UU ini meski dibuat oleh orde lama, tapi isinya sangat pro rakyat, dimana kepemilikan tanah agar tidak merugikan kepentingan warga negara, maka harus ada pembatasan kepemilikan. Hal ini dipertegas dalam Pasal 17 ayat (1) yang menyatakan; Dengan mengingat ketentuan dalam pasal 7 maka untuk mencapai tujuan yang dimaksud dalam pasal 2 ayat (3) diatur luas maksimum dan/atau minimum tanah yang boleh dipunyai dengan sesuatu hak tersebut dalam pasal 16 oleh satu keluarga atau badan hukum.
Apa itu hak sebagaimana di atur dalam pasal 16 UU No. 5 tahun 1960 yaitu;
a. hak milik,
b. hak guna-usaha,
c. hak guna-bangunan,
d. hak pakai,
e. hak sewa,
f. hak membuka tanah,
g. hak memungut hasil hutan,
h. hak-hak lain yang tidak termasuk dalam hak-hak tersebut diatas yang akan ditetapkan dengan undang-undang serta hak-hak yang sifatnya sementara sebagai yang disebutkan dalam pasal 53.

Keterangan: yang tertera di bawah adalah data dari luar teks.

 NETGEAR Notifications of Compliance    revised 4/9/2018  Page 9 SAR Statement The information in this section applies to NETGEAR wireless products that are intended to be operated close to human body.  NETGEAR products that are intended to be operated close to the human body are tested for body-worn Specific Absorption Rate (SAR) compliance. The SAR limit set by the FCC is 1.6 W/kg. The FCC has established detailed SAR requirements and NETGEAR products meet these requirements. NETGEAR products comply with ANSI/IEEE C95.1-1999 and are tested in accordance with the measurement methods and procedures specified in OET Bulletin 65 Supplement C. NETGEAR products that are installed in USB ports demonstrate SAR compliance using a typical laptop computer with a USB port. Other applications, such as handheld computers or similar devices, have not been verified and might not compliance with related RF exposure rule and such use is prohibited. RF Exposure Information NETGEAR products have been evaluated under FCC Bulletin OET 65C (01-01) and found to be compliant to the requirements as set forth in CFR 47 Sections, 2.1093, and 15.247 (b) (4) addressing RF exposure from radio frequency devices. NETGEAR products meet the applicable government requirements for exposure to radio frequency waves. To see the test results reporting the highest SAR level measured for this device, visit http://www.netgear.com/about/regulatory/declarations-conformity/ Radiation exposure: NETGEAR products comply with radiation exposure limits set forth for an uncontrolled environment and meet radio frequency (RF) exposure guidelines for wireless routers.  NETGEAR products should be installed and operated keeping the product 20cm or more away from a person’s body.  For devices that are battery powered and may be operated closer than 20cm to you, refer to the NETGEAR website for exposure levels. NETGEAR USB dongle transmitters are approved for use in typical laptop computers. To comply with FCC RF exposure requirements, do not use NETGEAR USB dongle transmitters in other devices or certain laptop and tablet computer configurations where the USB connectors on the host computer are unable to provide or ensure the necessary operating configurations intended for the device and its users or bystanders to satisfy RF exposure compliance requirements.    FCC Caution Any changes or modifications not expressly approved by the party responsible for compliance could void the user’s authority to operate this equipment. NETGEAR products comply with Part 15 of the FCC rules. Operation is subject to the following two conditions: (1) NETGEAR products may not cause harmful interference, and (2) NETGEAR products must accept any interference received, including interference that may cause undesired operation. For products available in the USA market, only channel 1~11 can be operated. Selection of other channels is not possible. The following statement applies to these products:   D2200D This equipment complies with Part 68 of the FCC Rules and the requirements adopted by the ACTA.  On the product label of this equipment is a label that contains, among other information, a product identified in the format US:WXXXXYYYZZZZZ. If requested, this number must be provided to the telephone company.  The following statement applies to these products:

Termasuk di dalamnya adalah Hak Pengelolaan. Pemerintah kota Surabaya adalah badan hukum yang termasuk lembaga yang harus dibatasi kepemilikannya. Selama ini pemerintah kota kepemilikan tanahnya meliputi Hak Pakai dan Hak Pengeloaan. Pertanyaannya apakah tanah-tanah yang diklaim milik pemerintah kota ditempati atau dikuasai pemerintah kota? Jawabnya tentu hanya gedung-gedung dan prasarana olah raga saja yang dikuasai oleh pemerintah kota. Selebihnya ditempati warga.
Dan anehnya warga yang memiliki IPT dari pemerintah kota sejak sebelum kemerdekaan sudah menempati tanah tersebut, pertanyannya atas dasar apa klaim pemerintah kota memiliki tanah tersebut?

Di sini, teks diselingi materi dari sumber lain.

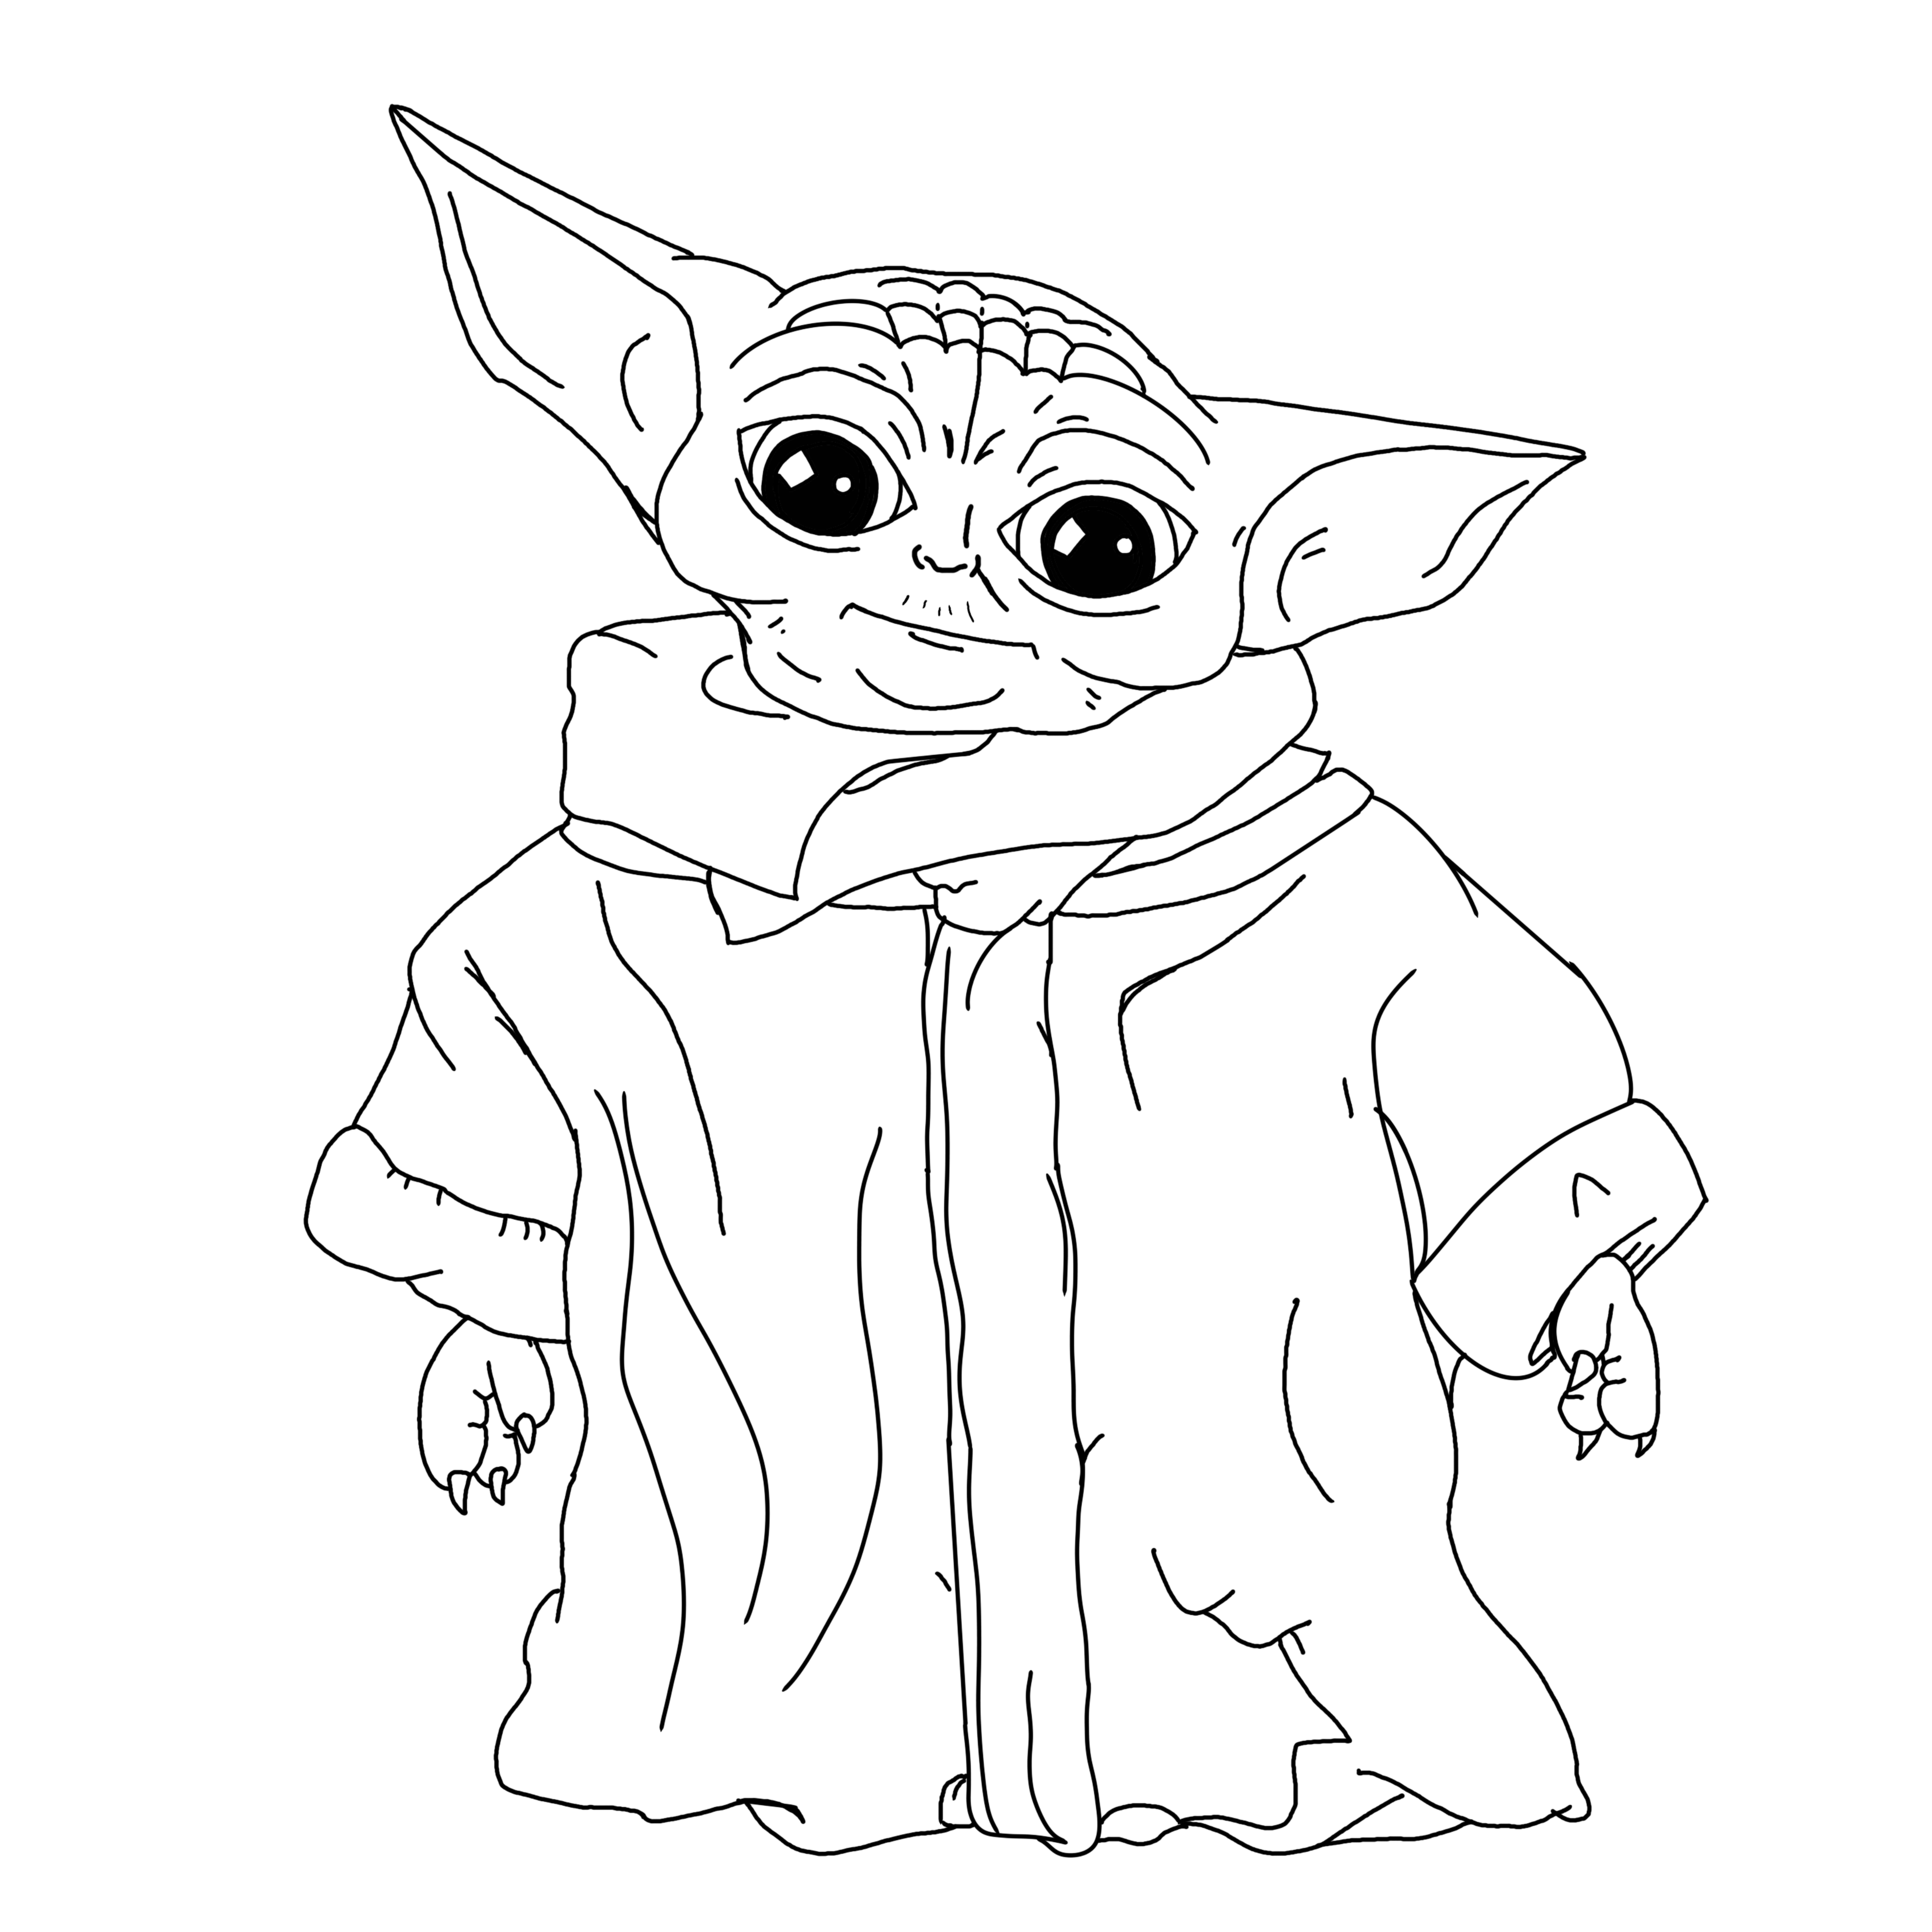 Grogu Coloring Pages   Best Coloring Pages For Kids

Dalam persidangan di Mahkamah Konstitusi nantinya kementrian Agraria dan pemerintah kota akan dipanggil oleh MK, disana kita bisa berdebat asal sejarah tanah yang kita miliki, dan kita meminta MK memberikan tafsir konstitusi terhadap pasal 7 dan pasal 17 UU No. 5 tahun 1960, tentang tanah-tanah yang diklaim milik pemerintah kota.

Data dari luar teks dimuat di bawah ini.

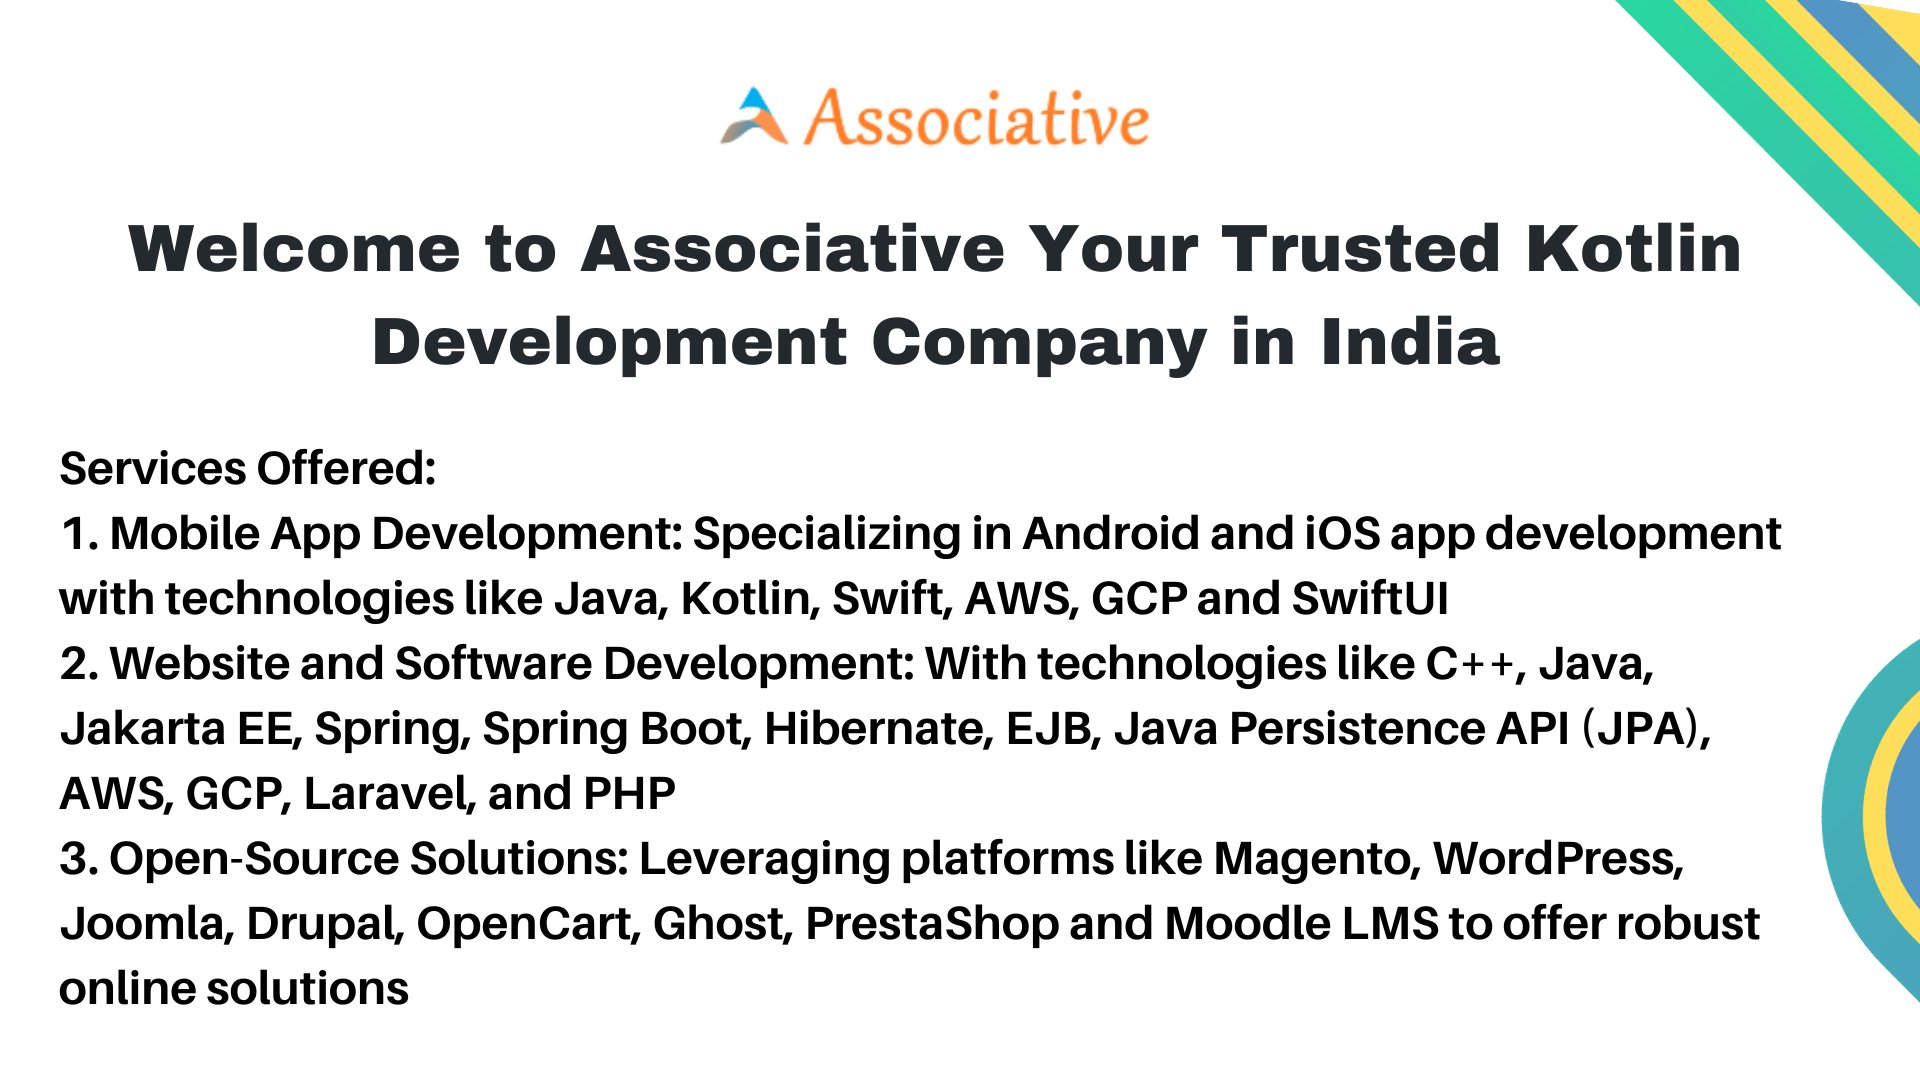 Welcome to Associative Your Trusted Kotlin Development Company in India

Batu uji dalam gugatan kita adalah pasal 28 H ayat (4) UUD 1945 yang menyatakan; Setiap orang berhak memiliki hak milik pribadi dan hak milik tersebut tidak boleh diambil ali secara sewenang-wenang ole siapapun. Warga Surabaya berhak memiliki tanah hak milik, warga Surabaya bukan hidup di jaman penjajahan Belanda, maka untuk memiliki tanah hak milik bukanlah barang terlarang. MK harus memberikan tafsir kepemilikan tanah pemerintah kota hanya sebatas tanah-tanah yang digunakan oleh kepentingan instansi pemerintah kota, hal ini sesuai dengan maka menurut Peraturan Menteri Agraria No. 9 Tahun 1965 yang menyatakan Hak pakai yang dimiliki pemerintah daerah adalah; terbatas pada tanah Negara untuk kepentingan langsung instansi itu sendiri.
Ketika perjuangan ini dimenangkan oleh Mahkamah Konstitusi, maka semua warga Surabaya yang memiliki IPT dari Pemerintah kota, maupun warga yang tidak memiliki IPT berhak menaikkan hak tanahnya menjadi hak milik ke Badan Pertanahan Nasional Surabaya, tanpa batasan luas kepemilikan.